In: Statistics and Probability
9. Define the following terms or concepts based on your understanding from the book. 8 points
a) Type I and Type II error
b) Statistical Significance and P-value (and what’s the “wrong” interpretation of a p-value?)
c) Critical Region
d) What happens to a normal distribution when the standard deviation increases (but the mean stays the same)?
a)
type I error :In statistical hypothesis testing, a type I error is the rejection of a true null hypothesis (also known as a "false positive" finding)
type II error :a type II error is failing to reject a false null hypothesis (also known as a "false negative" finding)
b) Statistical significance : In statistical hypothesis testing, a result has statistical significance when it is very unlikely to have occurred given thenull hypothesis. More precisely, a study's defined significance level, α, is the probability of the study rejecting the null hypothesis, given that it were true
p-value : The p-value is the level of marginal significance within a statistical hypothesis test representing the probability of the occurrence of a given event. The p-value is used as an alternative to rejection points to provide the smallest level of significance at which the null hypothesis would be rejected.

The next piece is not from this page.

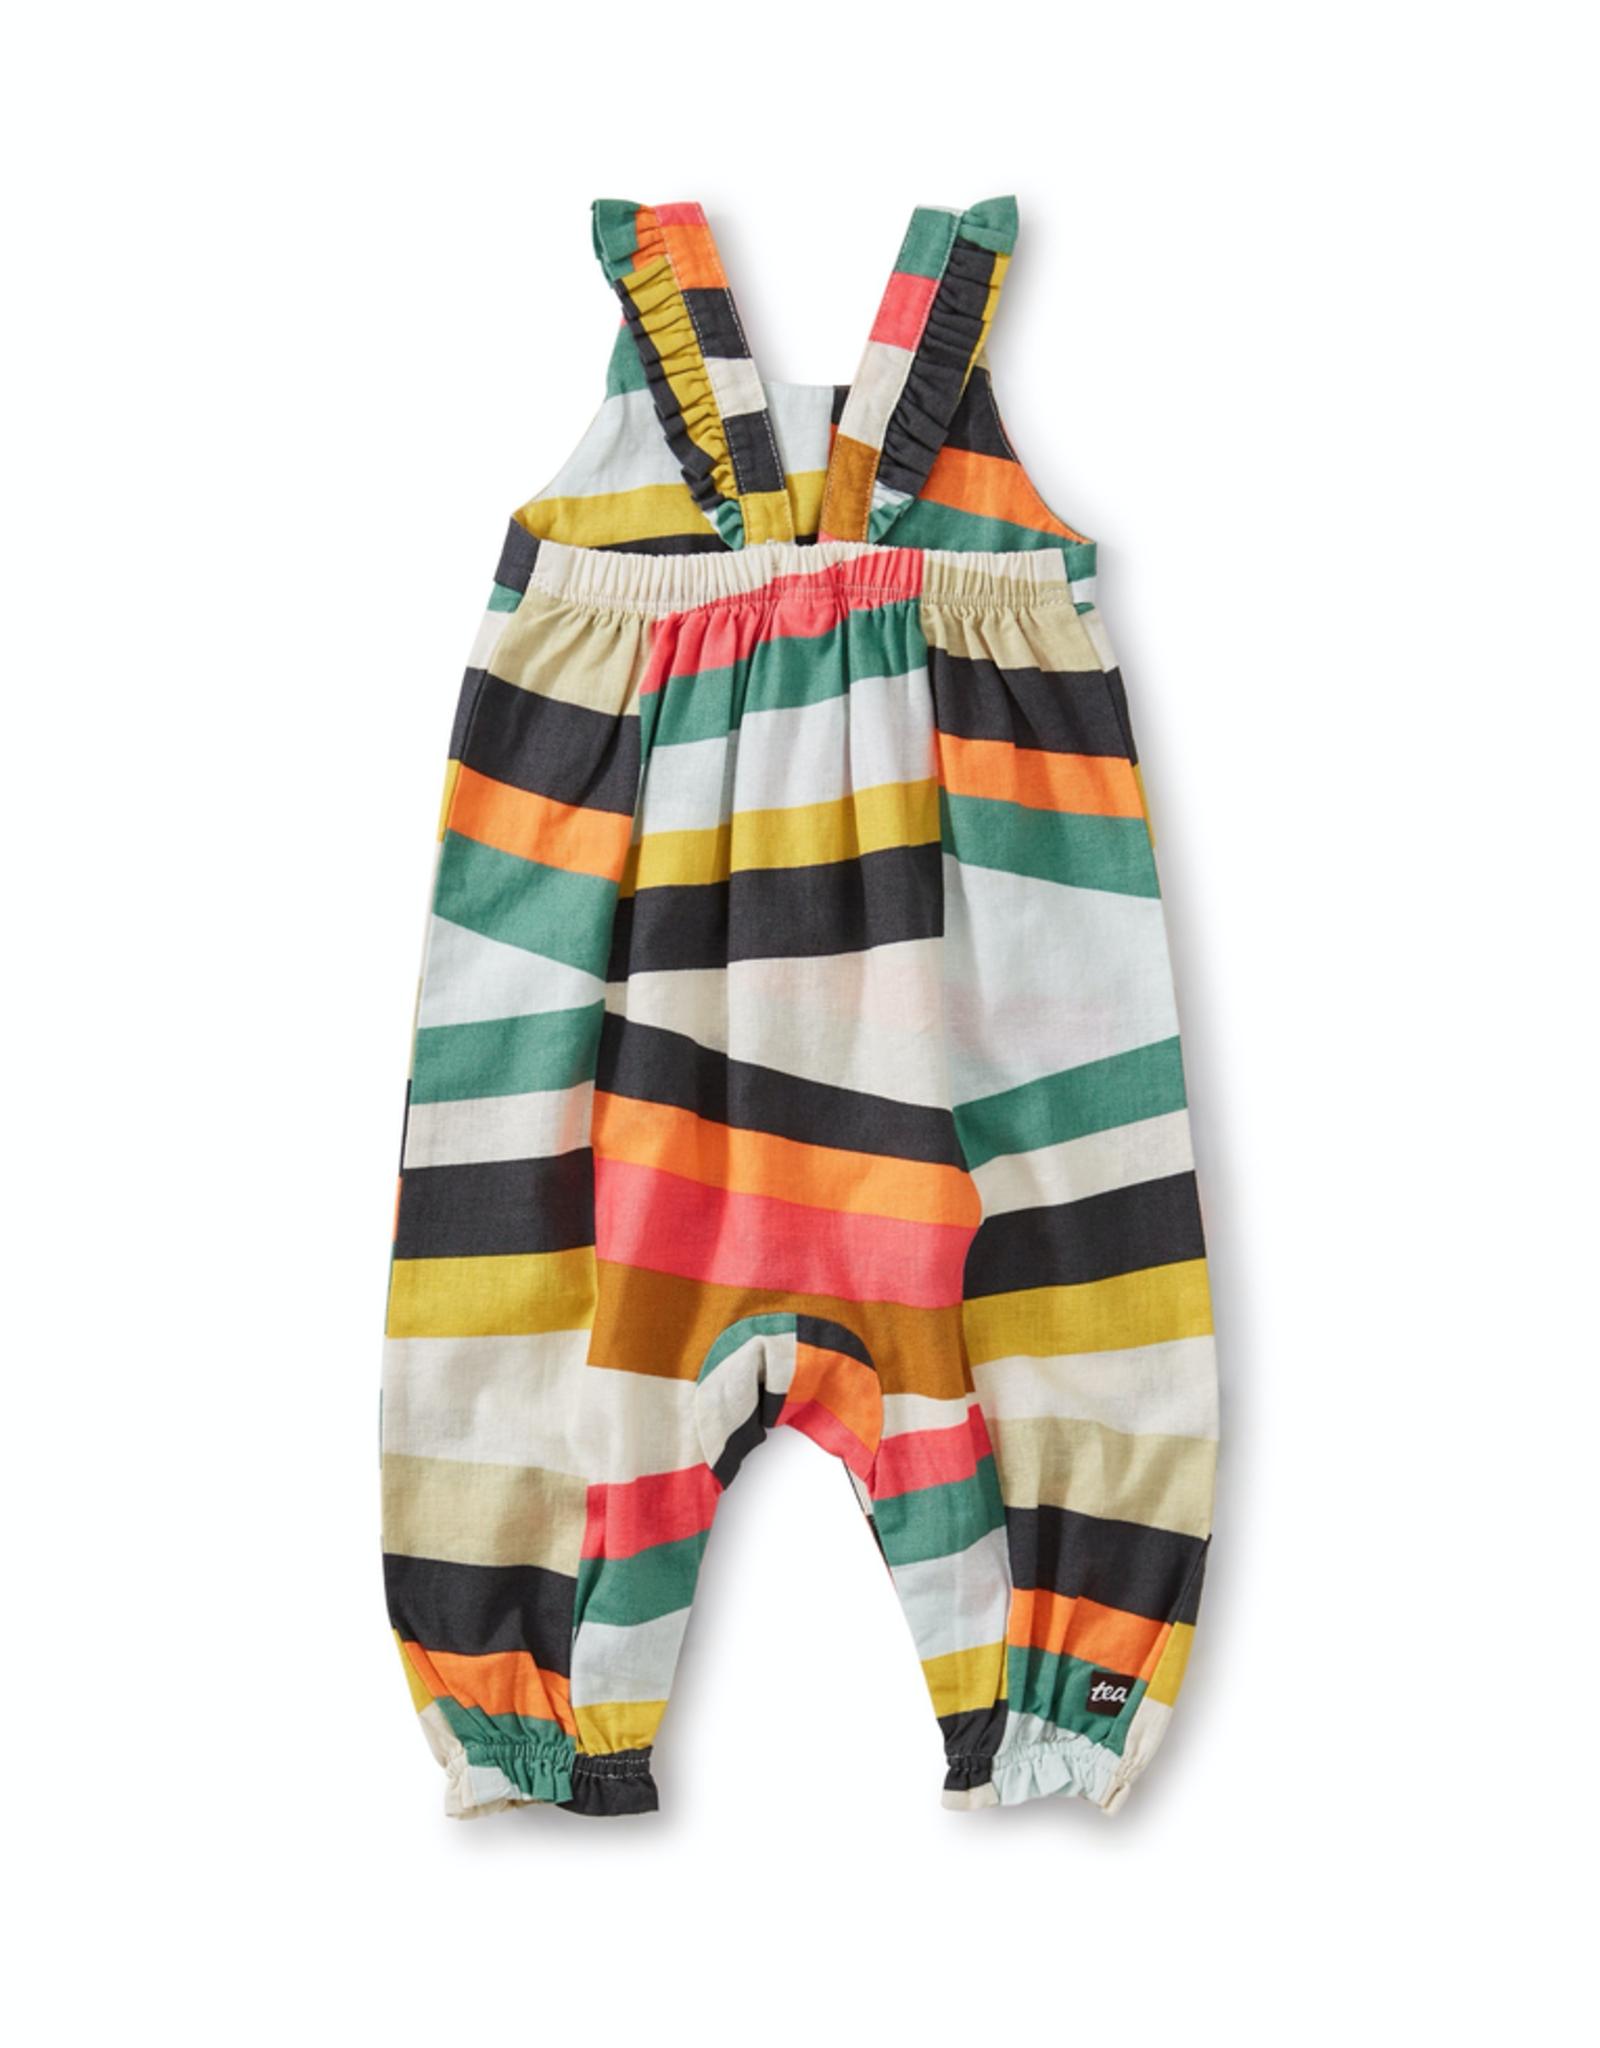 Tea Collection Tie Shoulder Romper for Baby Girl in Oasis Fruit

c)Critical Region :The set of outcomes of a statistical test for which the null hypothesis is to be rejected
d)The population mean of the distribution of sample means is the same as the population mean of the distribution being sampled from. Thus the mean of the distribution of the means never changes. The standard deviation of the sample means, however, is the population standard deviation from the original distribution divided by the square root of the sample size. Thus as the sample size increases, the standard deviation of the means decreases; and as the sample size decreases, the standard deviation of the sample means increases.